Verlaine was no hitmaker, but he had his ardent supporters, especially in the cooler corners of the music press. Creem magazine termed Dreamtime a “roiling fireball of rockismo delight.” In the manner of the best rock writing, that description makes little sense and yet is perfectly correct. The album undulates with offhand ambition and sonic stylings that are enveloping enough to distract from the grasping, practically abstract lyrics. There’s the nicely jittery “Fragile,” for example (“I saw you coming in the headlights/ Rubbing your arms and shaking your head/ You say, “Oh, I just don’t know, it’s not so safe/ And it gets so tiresome playing dead”). Arguably, Verlaine is at his very best when he most emphatically embraces that model, as on “The Blue Robe.” The guitar parts are questing and serpentine, and the lyrics consist only of the term “Hi-Fi” repeated, making it feel like an instrumental with an especially odd rhythm component on the second half.

Without ever approaching the sort of heights Verlaine reached with Television (an admittedly unreasonable expectation, Dreamtime is filled with solid songs. On “There’s a Reason,” Verlaine’s trademark hiccuping vocals clack against guitar parts that move with riveting tension, setting the track always on the verge of exploding into cacophonous noise. There’s also pleasure to be found in the gentle glam rock preening of “Mr. Blur” and the trilling guitar solo at the midpoint of “Down on the Farm.” Dreamtime is a solid record. Others who moved on from seismically important (or at least impressive) bands delivered far worse when they lane shifted through solo careers.


lindsey law

974. Lindsey Buckingham, Law and Order (1981)

Any reasonable evaluation of the music Lindsey Buckingham created in the long wake of Fleetwood Mac’s Rumours suggest that the much-lauded musician had some animosity toward the cultural monster he helped create. At the very least, he took authority that comes with riches and fame to experiment wildly, expectations be damned. That reading is backed up by Tusk, Fleetwood Mac’s follow-up, which was met with mounting confusion from fans who really wanted Rumours II. Tusk is a better album than its predecessor, but it was doomed to be perceived as a failure, given the flat unlikelihood it too would spend over 30 weeks atop the Billboard charts and sell over 13 millions copies worldwide in its first three years of existence.

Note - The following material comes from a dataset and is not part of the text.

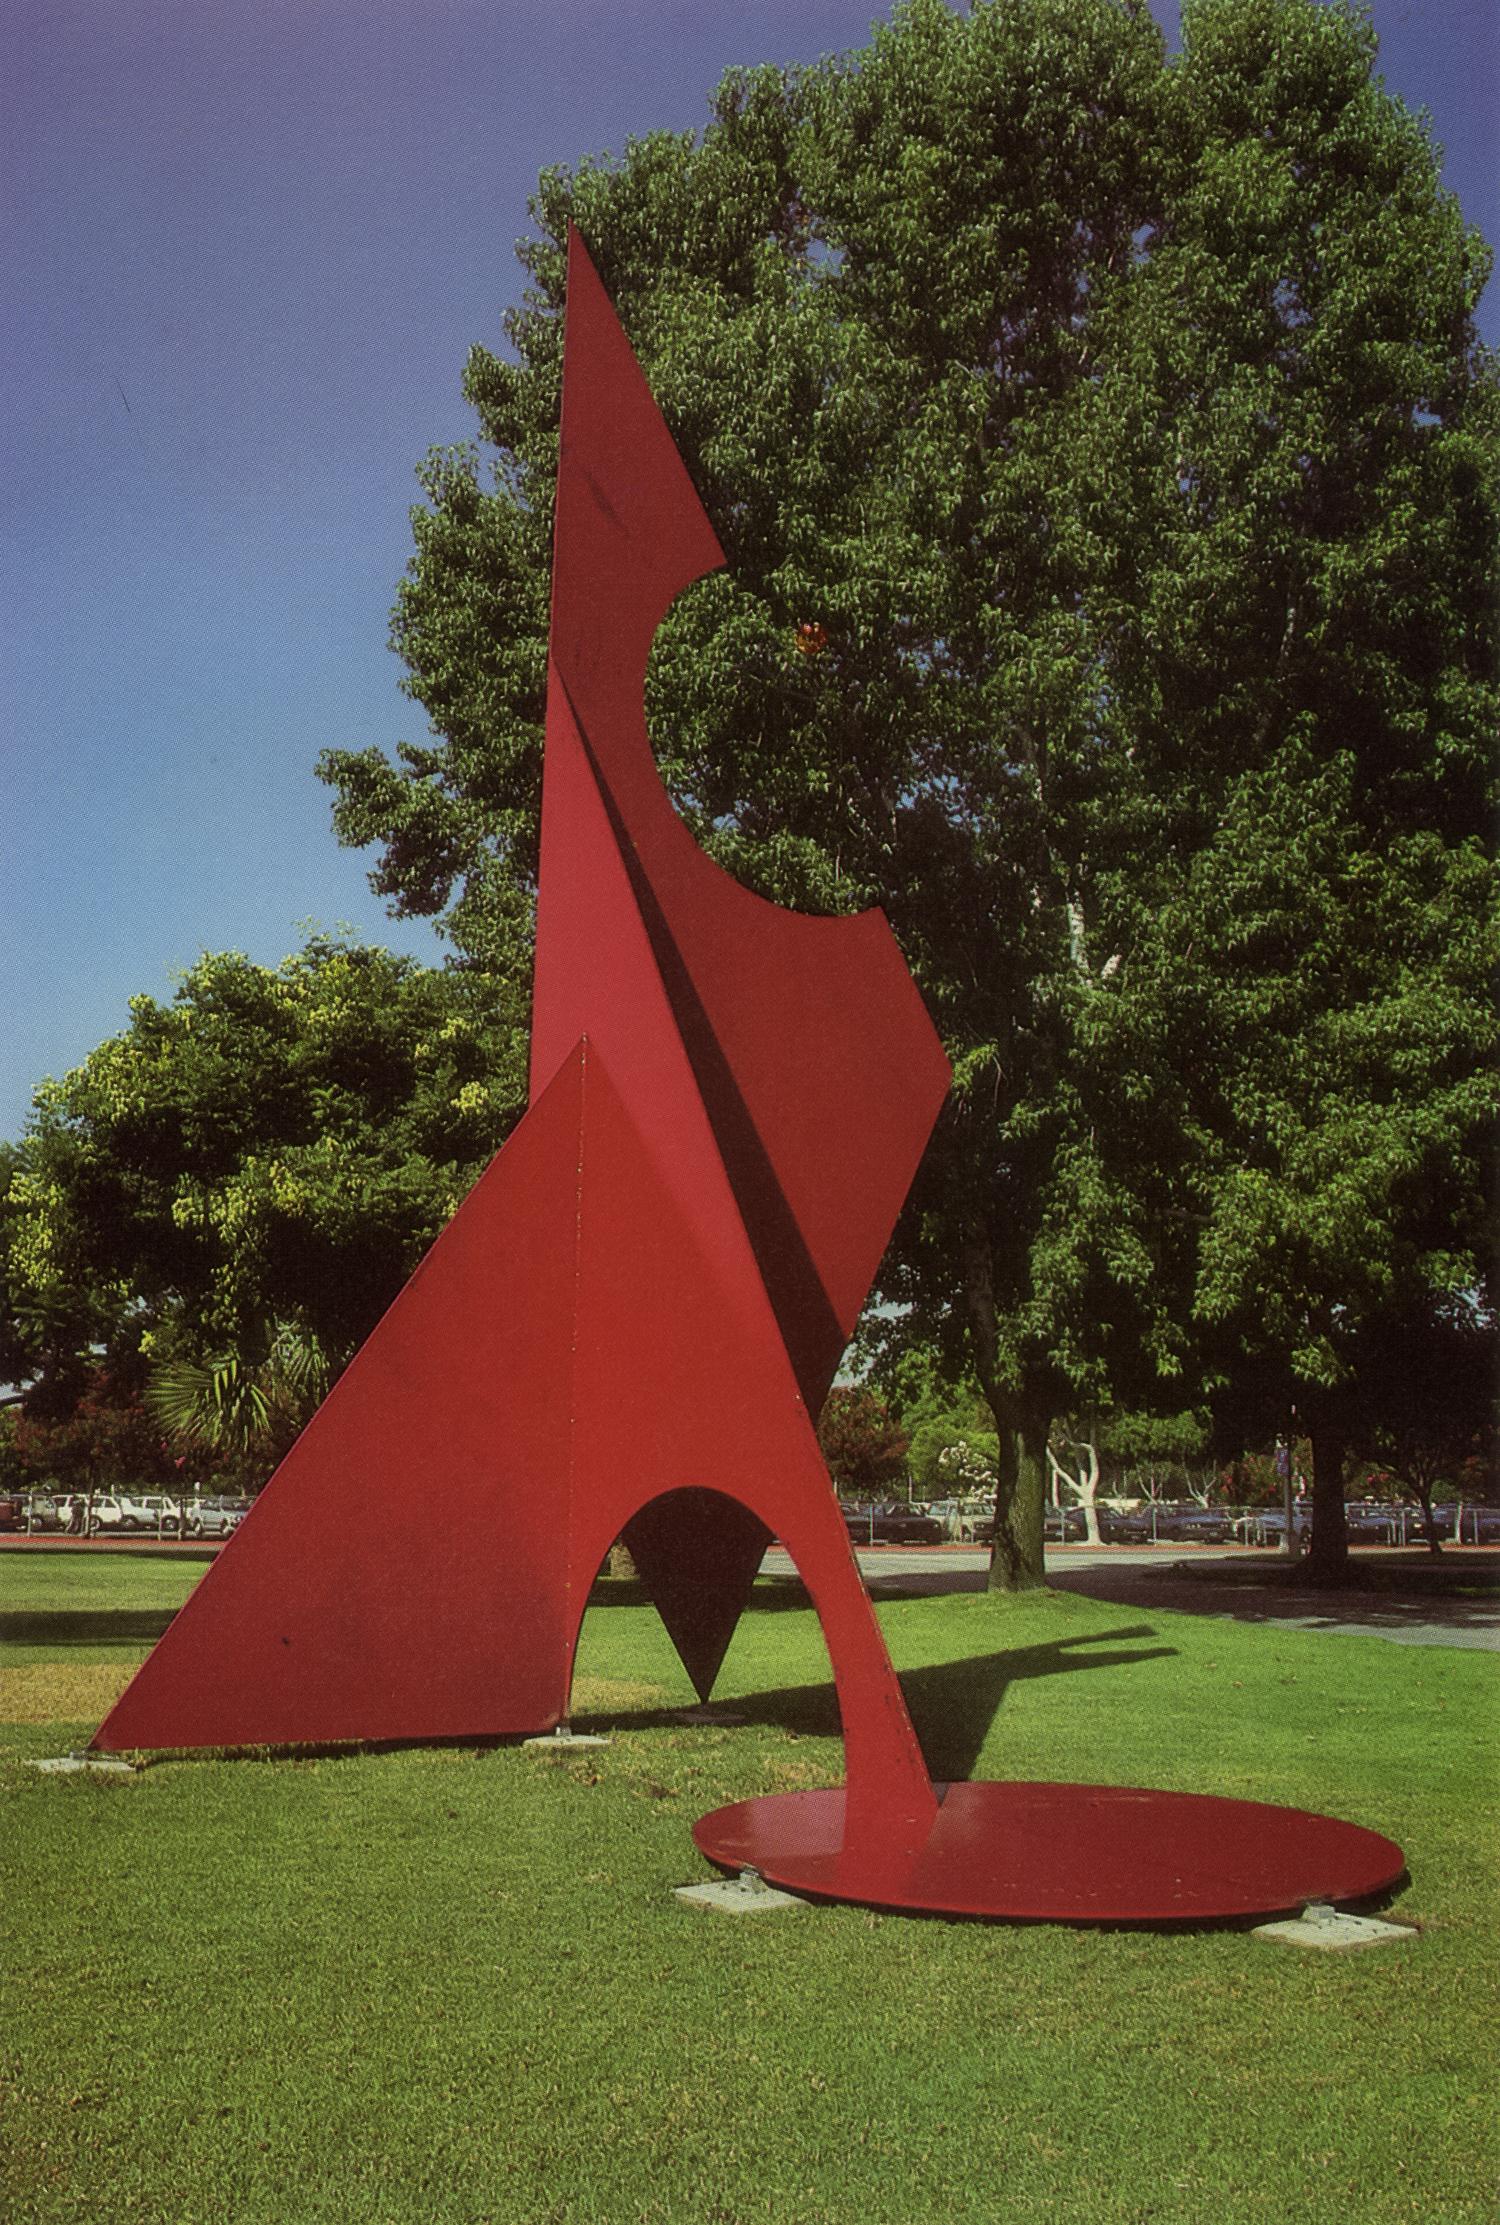 California State University, Fullerton, California; 1985.  Kaikoo XI.  21' x 13.5' x 13.5'.

If Tusk shows Fleetwood Mac could benefit immensely from the fevered aspiration that swelled in Buckingham (the vein of experimentalism is largely attributed to him, at least as a catalyst), then Law and Order, Buckingham’s first true solo album reveals that ambitious can run up agains the boundaries of creative talent. Much of the album is odd for the sake of being odd, bounding into crazy sound landscapes with no apparent exit plan, leaving Buckingham spinning in figurative circles, sadly lost.

As if wanting to further rattle the fans who chafed at Tusk, Buckingham opens the album with the resolute strangeness of “Bwana.” That’s followed by “Trouble,” which has some of the vestiges of the Fleetwood Mac gentle pop insistence, but with a woozy quality, as if the hooks are somehow haunting themselves. Released as the lead single to an unsuspecting public, it remarkably made it into the Billboard Top 10.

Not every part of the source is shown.